Using the joint probability function of $Y_1$ and $Y_2$ and the marginal probability function of $Y_2$, the conditional density $Y_1$ given $Y_2=y_2$ is obtained as,

$\begin{array}{c}f\left(y_1|y_2\right)=\frac{3y_1}{\frac{3}{2}-\frac{3}{2}{y}_2^2}\\ =\frac{2y_1}{1-y_1^2}\end{array}$

Thus, the conditional density $Y_1$ given $Y_2=y_2$ is $f\left(y_1|y_2\right)=\frac{2y_1}{1-y_1^2}$ for all $y_2\le y_1\le 1$ and $y_2\ge 0$.

d.

To determine

Find the value of $P\left(Y_1\le \frac{3}{4}|Y_2=\frac{1}{2}\right)$.

Answer to Problem 149SE

The value of $P\left(Y_1\le \frac{3}{4}|Y_2=\frac{1}{2}\right)$ is $\frac{5}{12}$.

Explanation of Solution

Calculation:

From Part (C), it is obtained that the conditional density $Y_1$ given $Y_2=y_2$ is $f\left(y_1|y_2\right)=\frac{2y_1}{1-y_1^2}$ for all $y_2\le y_1\le 1$ and $y_2\ge 0$.

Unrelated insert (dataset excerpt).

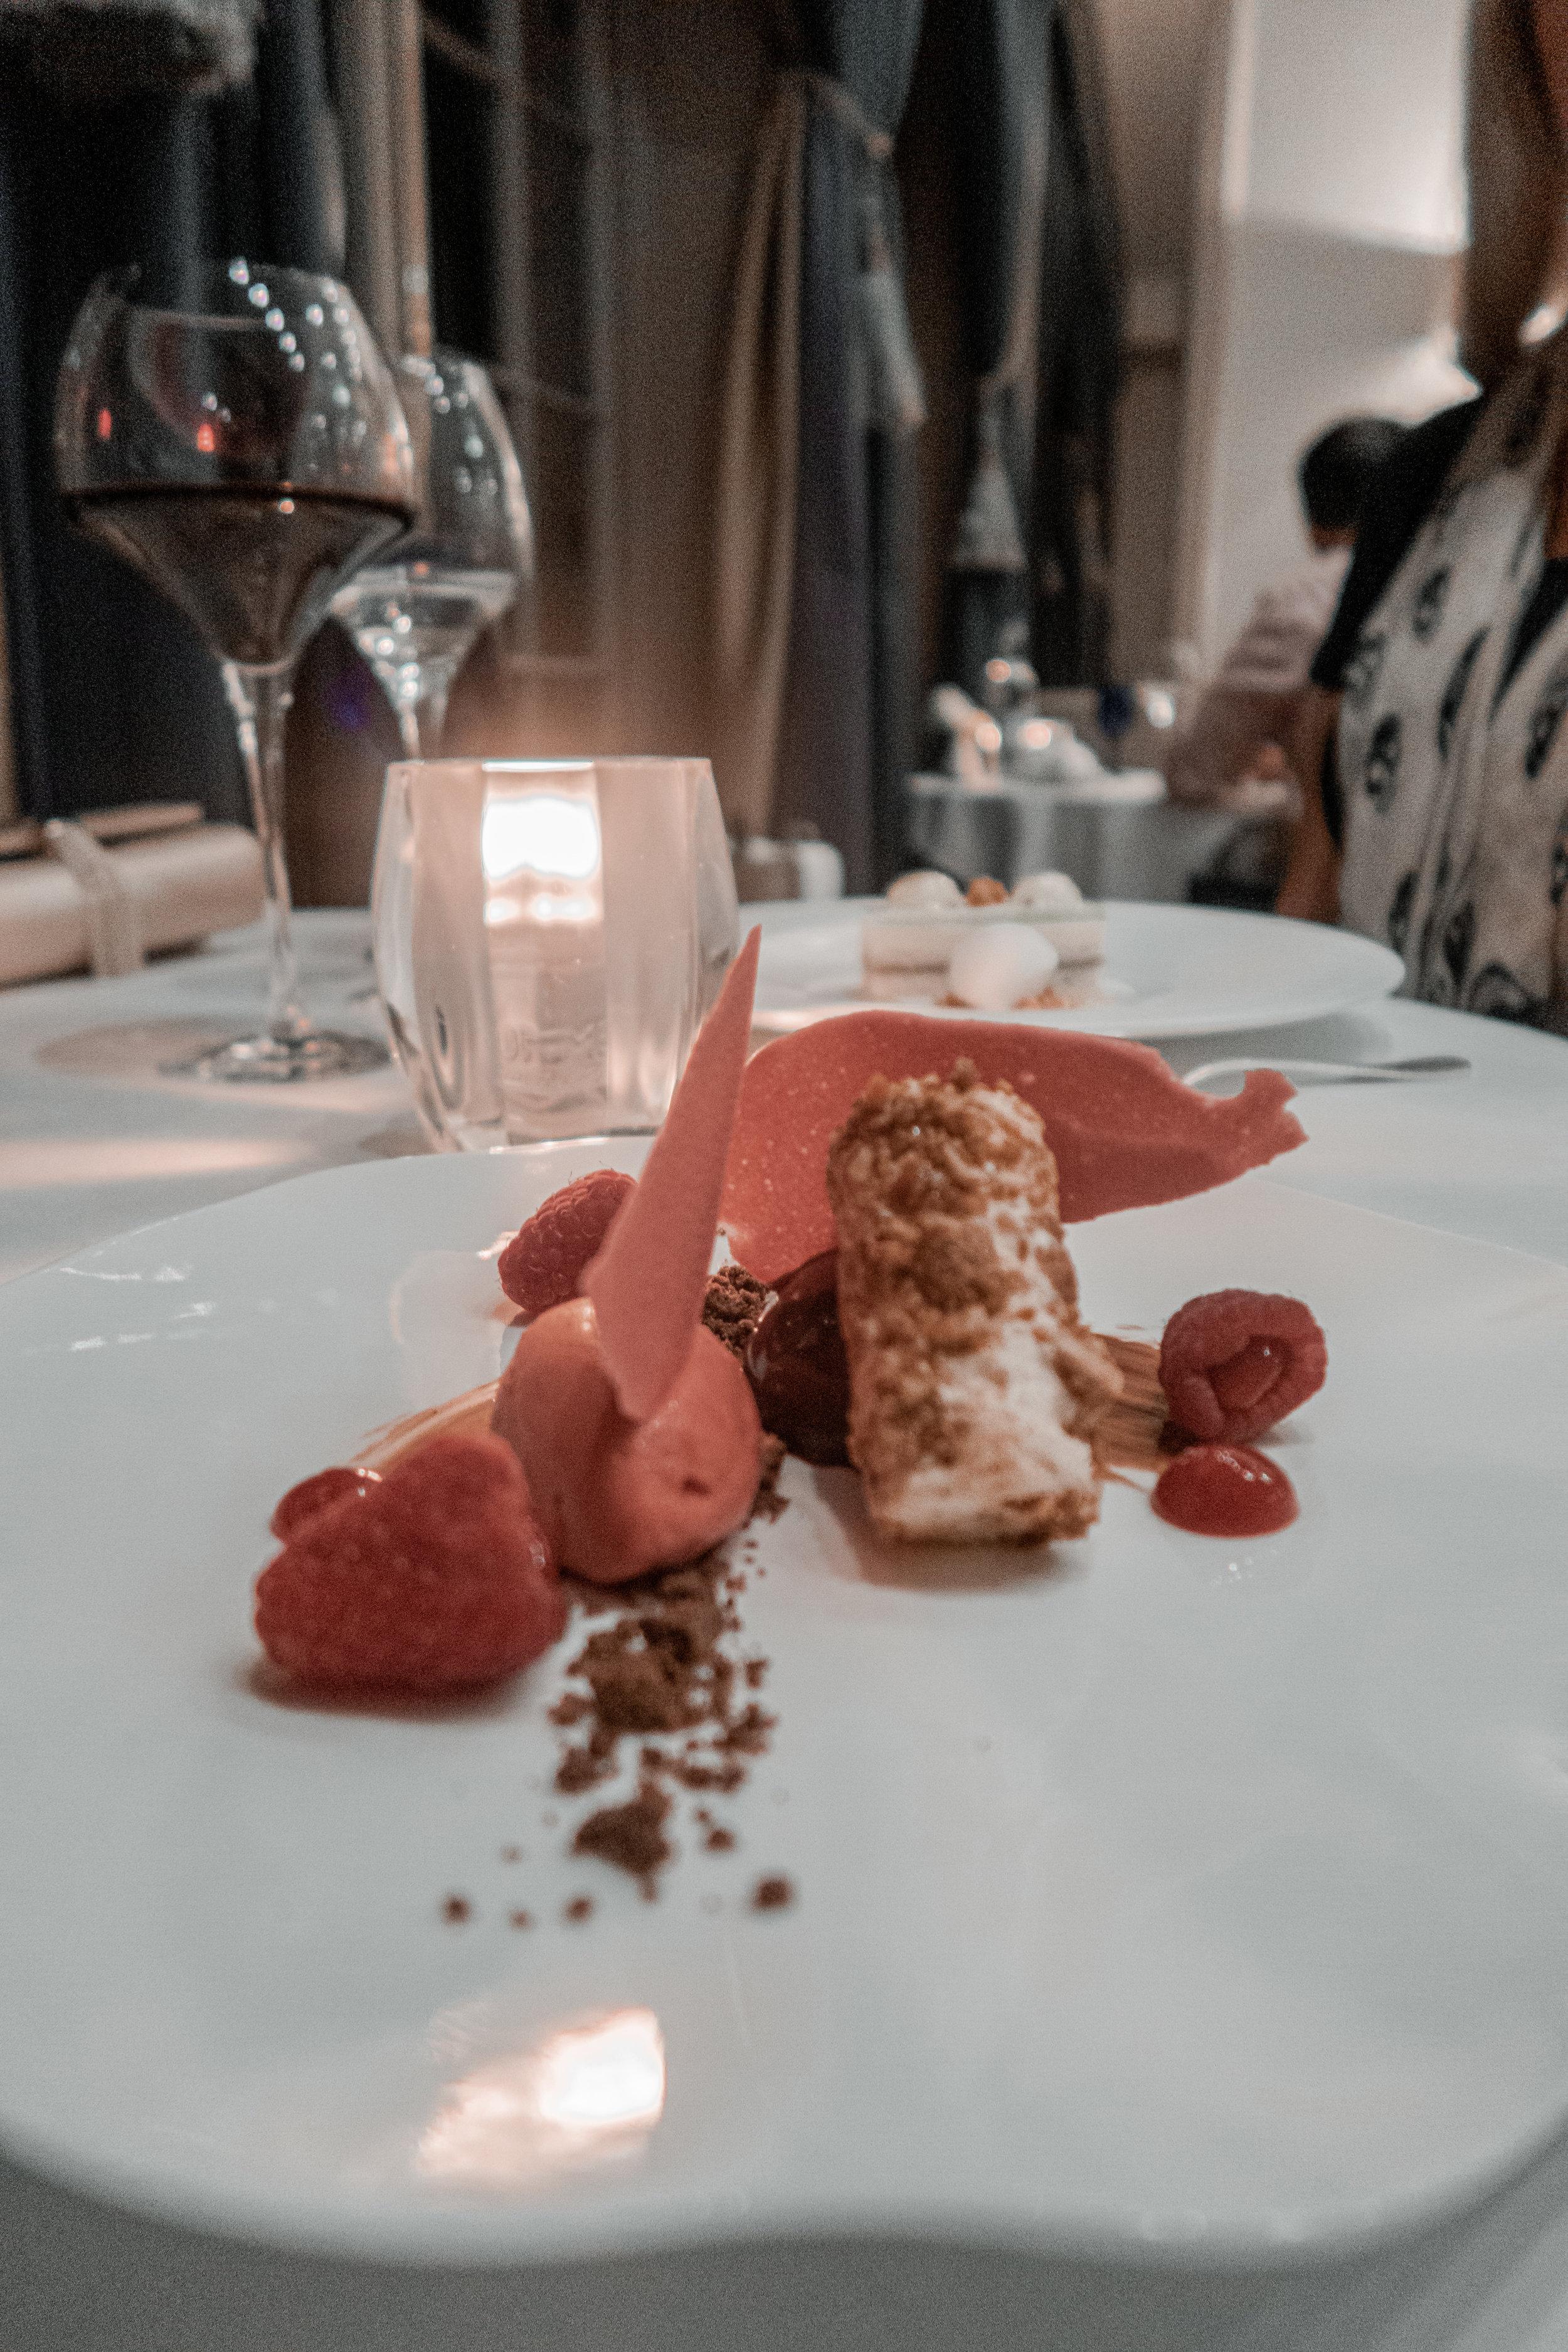 peanut parfait royal crescent hotel bath nicole fiona serrao lets eat with nicole

Hence, the required probability is obtained as,

$\begin{array}{c}P\left(Y_1\le \frac{3}{4}|Y_2=\frac{1}{2}\right)={\displaystyle \underset{y_2}{\overset{\frac{3}{4}}{\int }}\frac{2y_1}{1-y_2^2}}d{y}_1\\ ={\frac{1}{1-y_2^2}{\left[y_1^2\right]}_{y_2}^{\frac{3}{4}}|}_{y_2=\frac{1}{2}}\\ ={\frac{1}{1-y_2^2}\left(\frac{9}{16}-y_2^2\right)|}_{y_2=\frac{1}{2}}\\ =\frac{4}{3}\left(\frac{9}{16}-\frac{1}{4}\right)\\ =\frac{5}{12}\end{array}$

Thus, the value of $P\left(Y_1\le \frac{3}{4}|Y_2=\frac{1}{2}\right)$ is $\frac{5}{12}$.